Chairman Powell also expressed some confidence that the tapering of US Treasury and mortgage‑backed securities (MBS) purchases could be completed by the middle of next year. However, he made clear that “the timing and pace of the coming reduction in asset purchases will not be intended to carry a direct signal regarding the timing of interest rate lift-off”. So, there will be some clear air between the end of tapering and the first rate hike, but it is clear that the balance of risks have shifted and there is considerable uncertainty how long transitory inflation factors will last.
…the next day, Bank of England adds to the hawkish message
The Bank of England (BoE)’s meeting the day after the Fed’s added to the hawkish message. UK government bond yields had been rising since August, but the front end of the yield curve in particular moved to price in a more aggressive hiking cycle. The central bank said the case to tighten UK monetary policy is building: there was increasing evidence from global and domestic cost and price indicators that inflationary pressures were likely to persist; realised inflation may breach 4% in the near term and, with the existing policy stance, inflation was likely to remain above the 2% target in the medium term. As a result, the market is now* pricing the bank rate (BoE’s base rate) to reach 0.5% by mid-2022, with one further hike to 0.75% by mid-2023 before levelling out, with the next hike to 1.0% priced by the end of the decade.

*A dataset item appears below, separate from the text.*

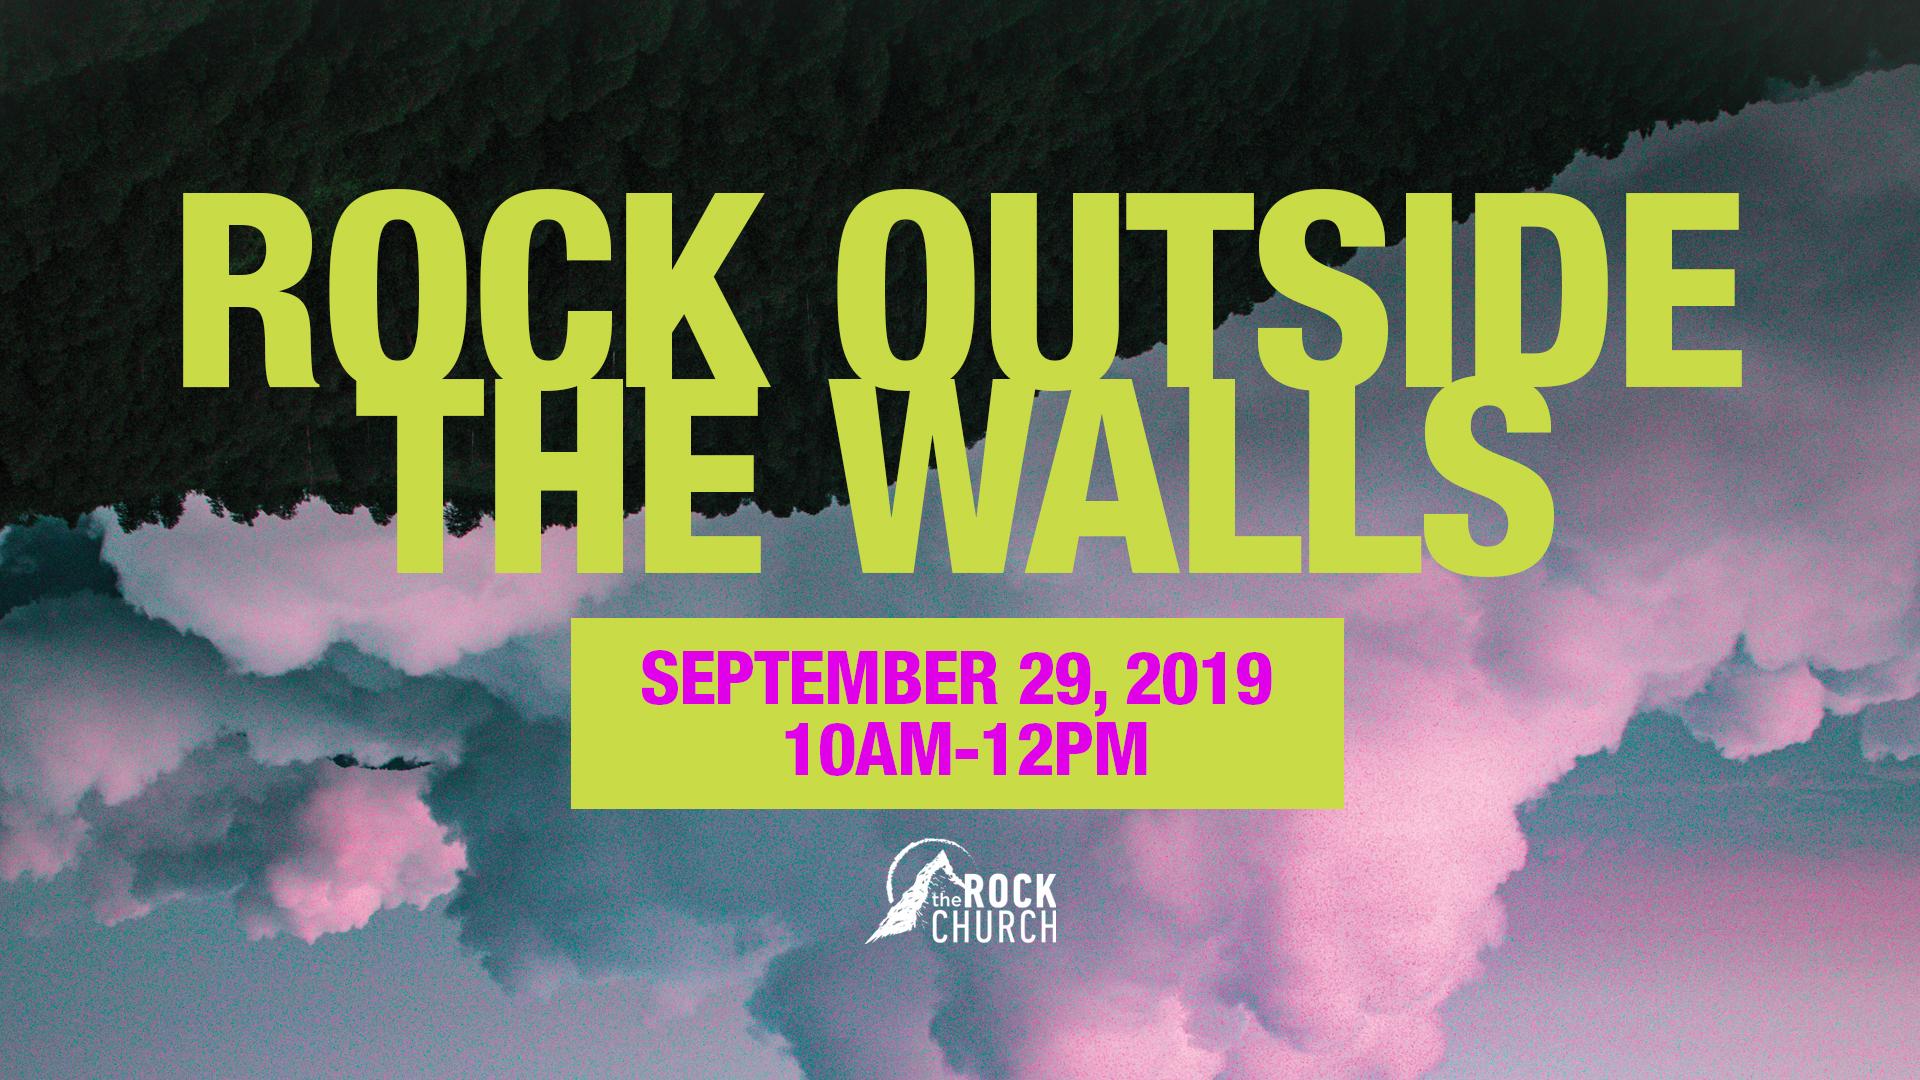 Rock outside the walls promo.jpg

The BoE’s commentary on sequencing between quantitative easing (QE) and rate hikes was strengthened, when it stated that rates will be the main policy tool and can start to rise even before the end of the QE programme. By de‑linking QE and the bank rate, there is more onus on using the bank rate to manage the cycle, and will result in a smaller balance sheet (of asset purchases) over the long term. It also confirmed that in the first instance it would allow maturing gilts to run off rather than engage in actively selling holdings, which would only take place after a 1.0% bank rate is reached.
Despite the higher rate expectations, sterling has struggled to rally as the UK economy finds itself potentially in a stagflationary1 environment. The BoE has to begin to tighten policy into weaker growth and a supply side inflation shock, exemplified by the dramatic moves higher in inflation break-evens this week (now through 4% on the 10-year retail price index swaps – figure 2).
* 1 October 2021
Figure 2: dramatic moves higher in inflation expectations in the UK
Source: Bloomberg, Janus Henderson Investors, as at 6 October 2021.

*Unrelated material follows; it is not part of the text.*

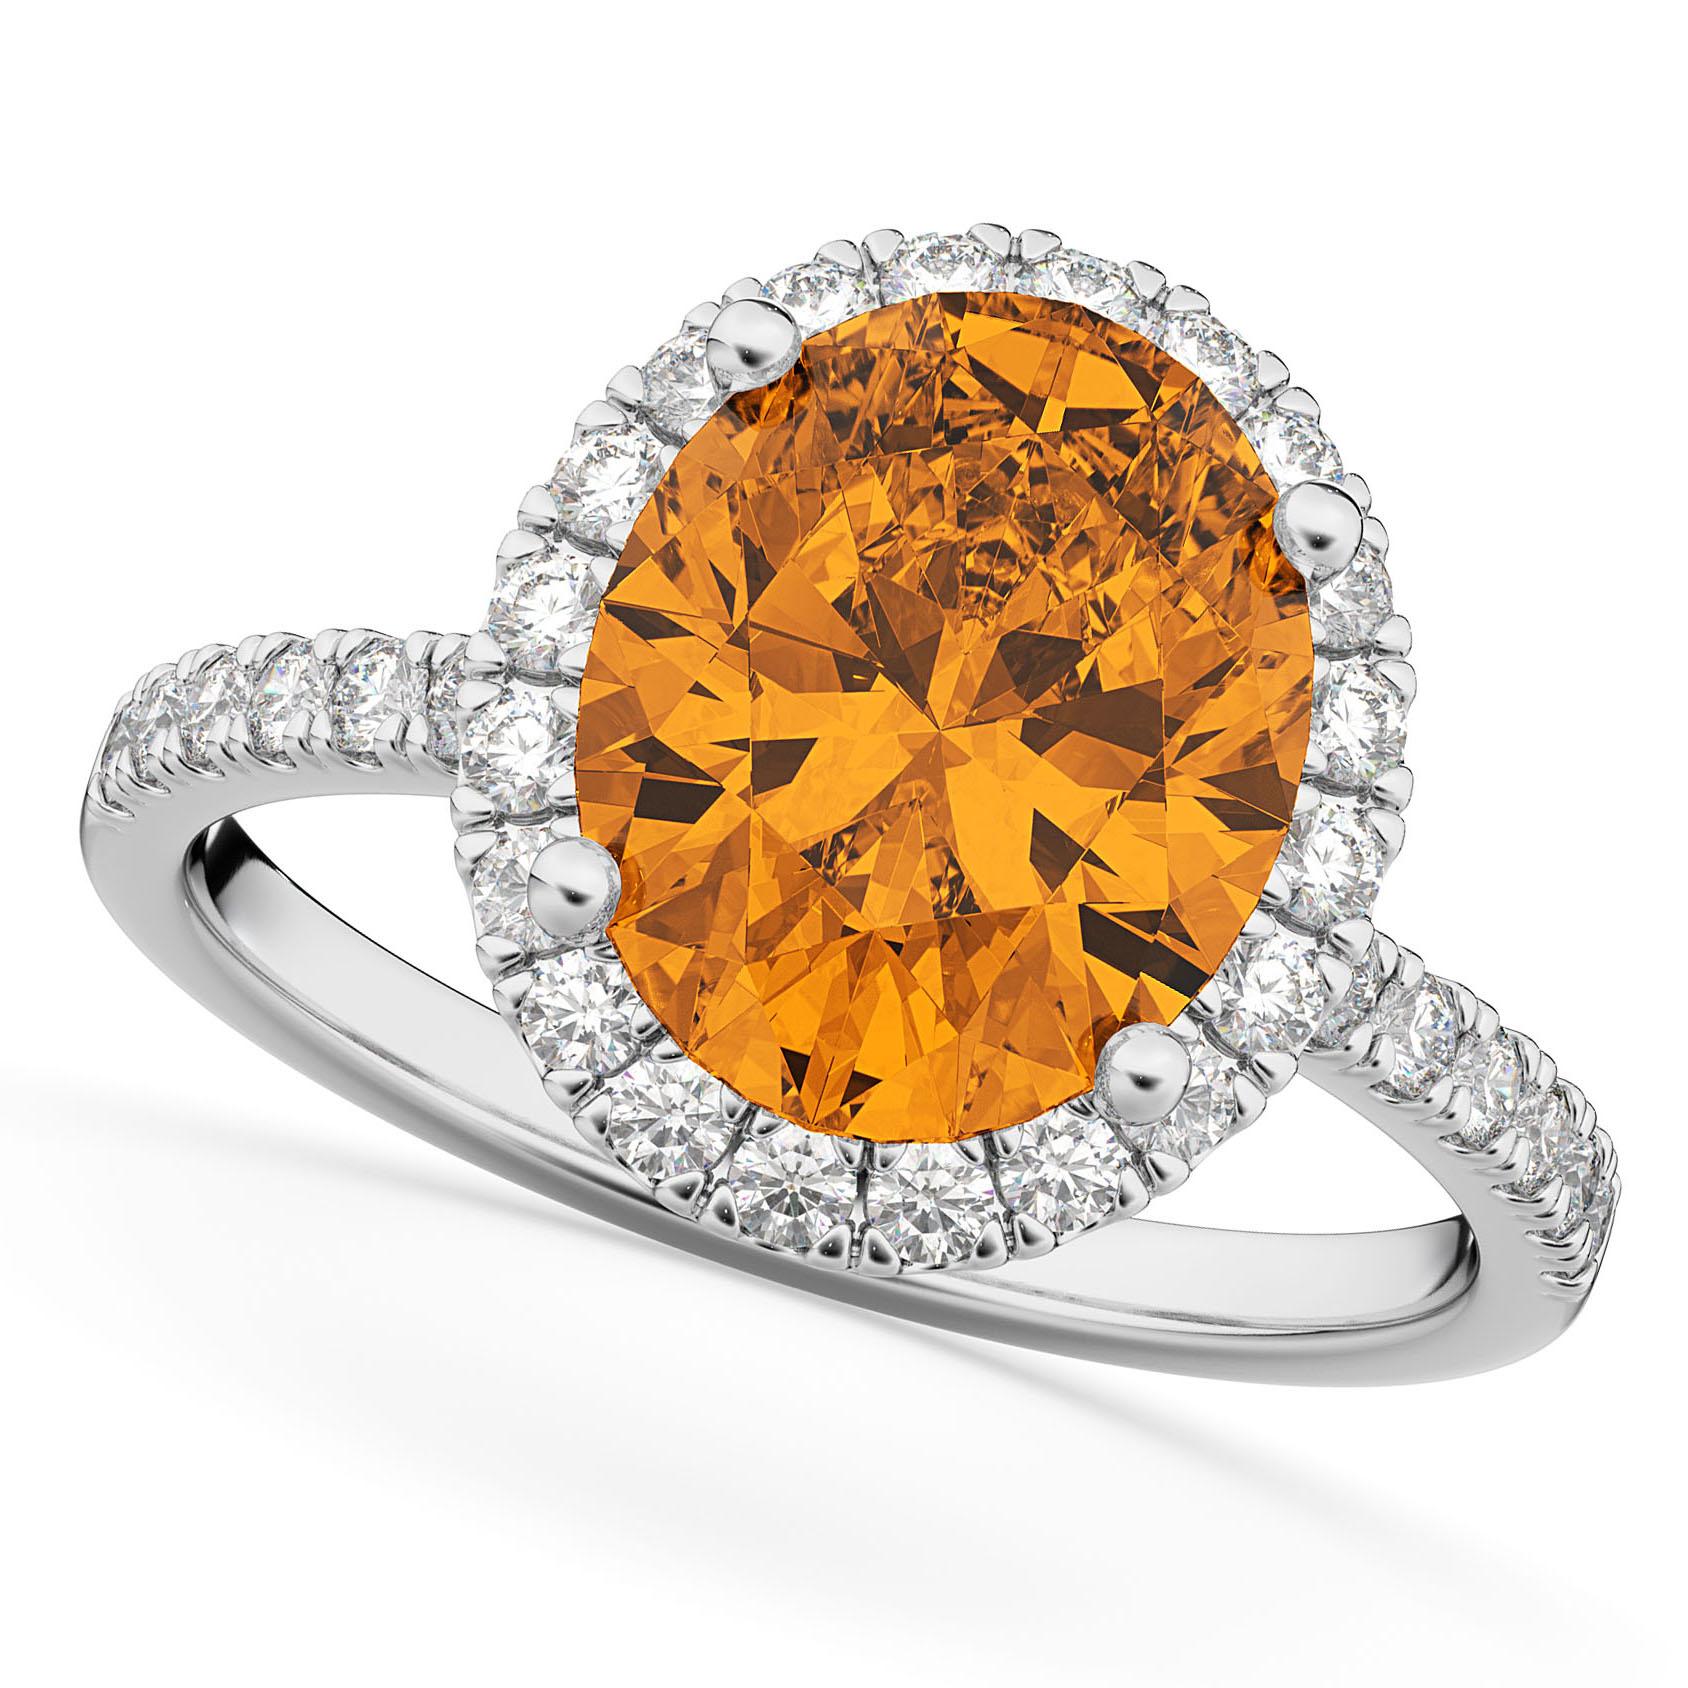 Oval Cut Halo Citrine & Diamond Engagement Ring 14K White Gold 2.91ct

Note: 10-year GBP Inflation Swap RPI Zero Coupon – the swap, based on the retail price index (RPI) in the UK, is commonly used by investment professionals for hedging purposes and is reflective of (or a measure of) the breakeven rate of inflation (ie, market expectations for inflation).

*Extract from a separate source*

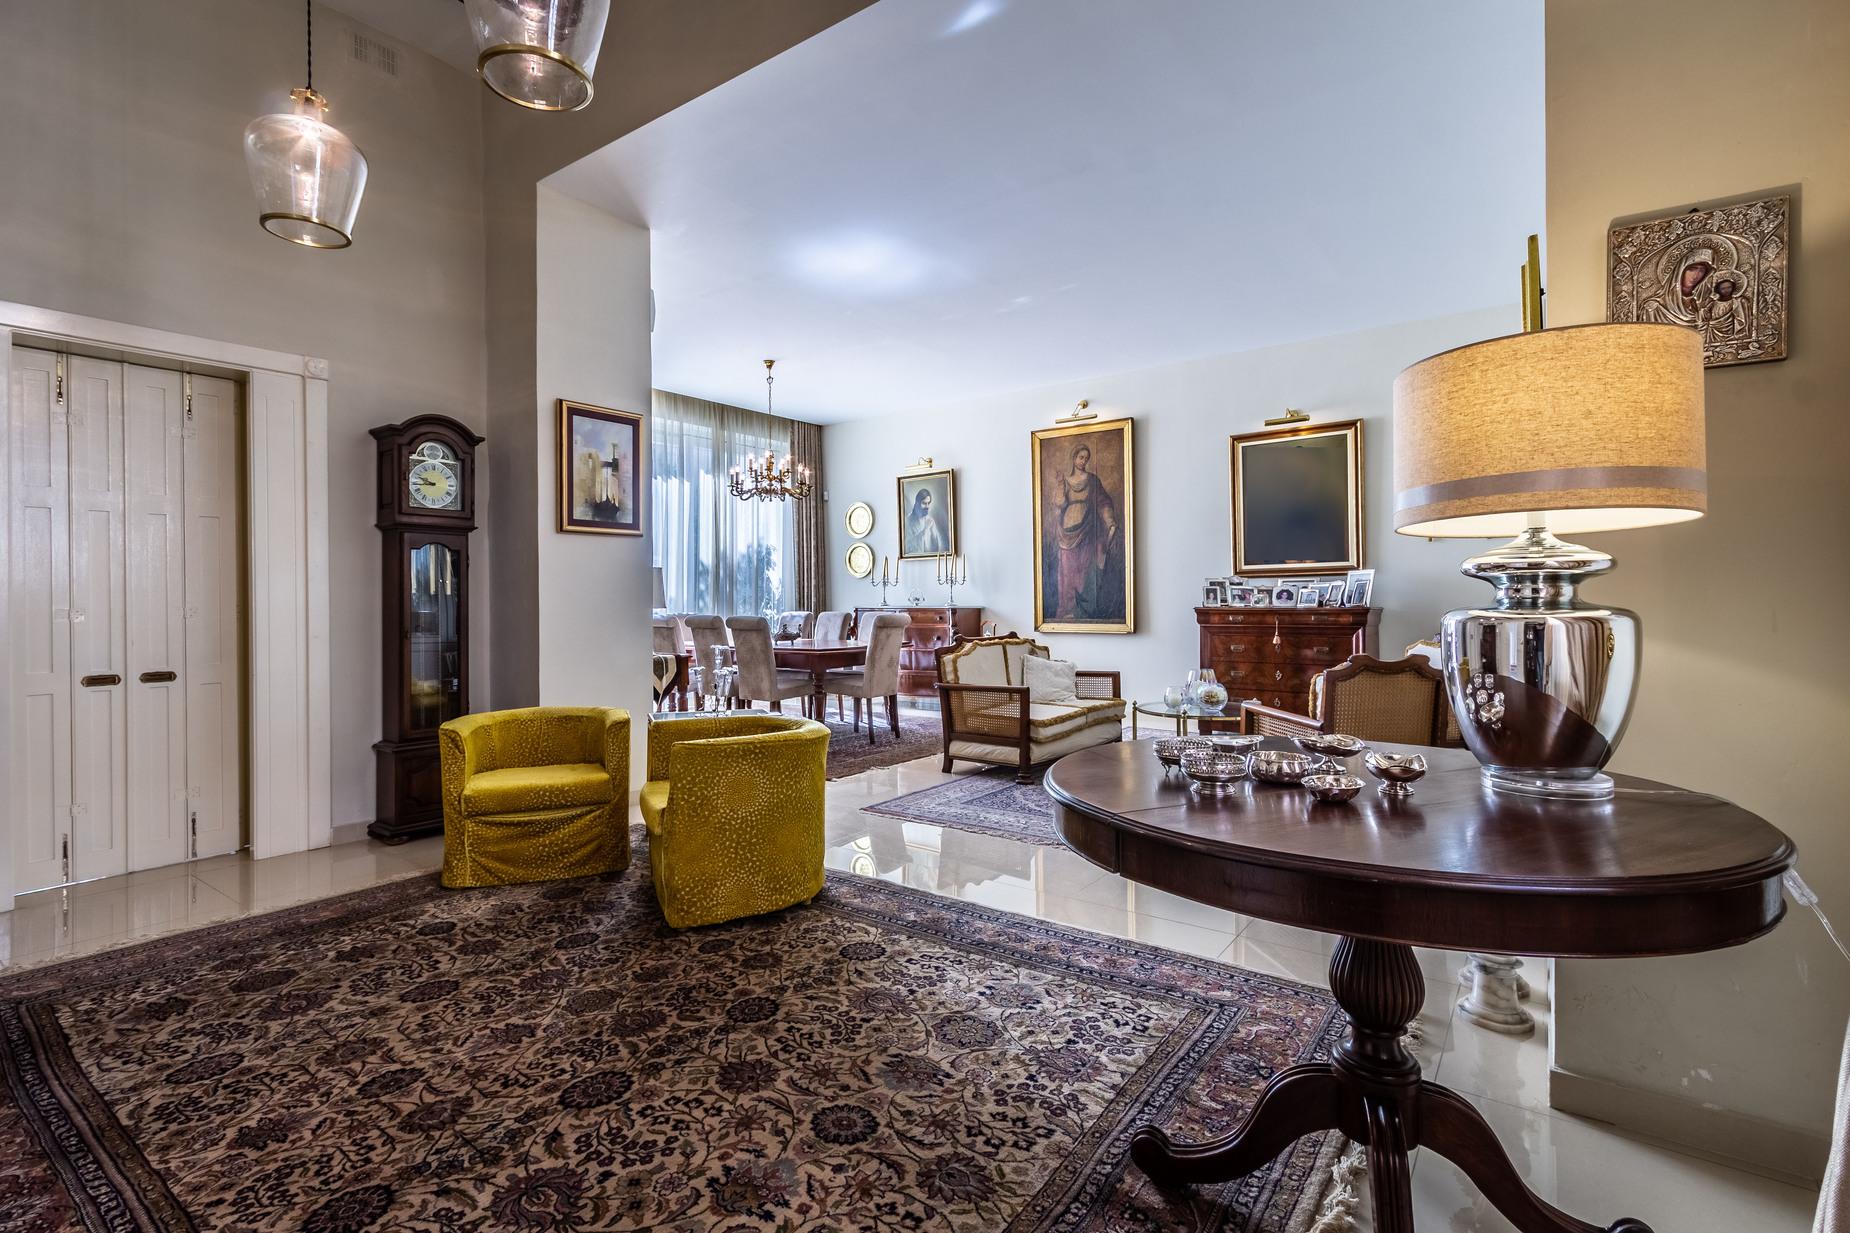 3 bed Town House For Sale in Balzan, Balzan - thumb 3

The calculus of risks for central banks is finely balanced
Similar to the central banks, we expect that many of the factors driving higher inflation presently will abate through time, we are mindful that supply chain challenges in particular have lasted longer than we had initially anticipated. With high prices expected to continue into the winter period, and into 2022, this leaves the calculus of risks for central banks finely balanced. On one hand, high prices will likely act as a drag on economic growth and should therefore abate as either demands drops to equalise with constrained supply, or supply eventually picks up. On the other hand, extended periods of higher prices pose a risk to the unanchoring of inflation expectations, which may result in a more persistent inflationary environment.
Central bankers are generally cautious creatures, but clearly the current environment has tilted their attitudes in a more hawkish direction and bond markets are in the midst of repricing to reflect this shift.
1 Stagflation: a relatively rare situation where rising inflation coincides with anaemic economic growth.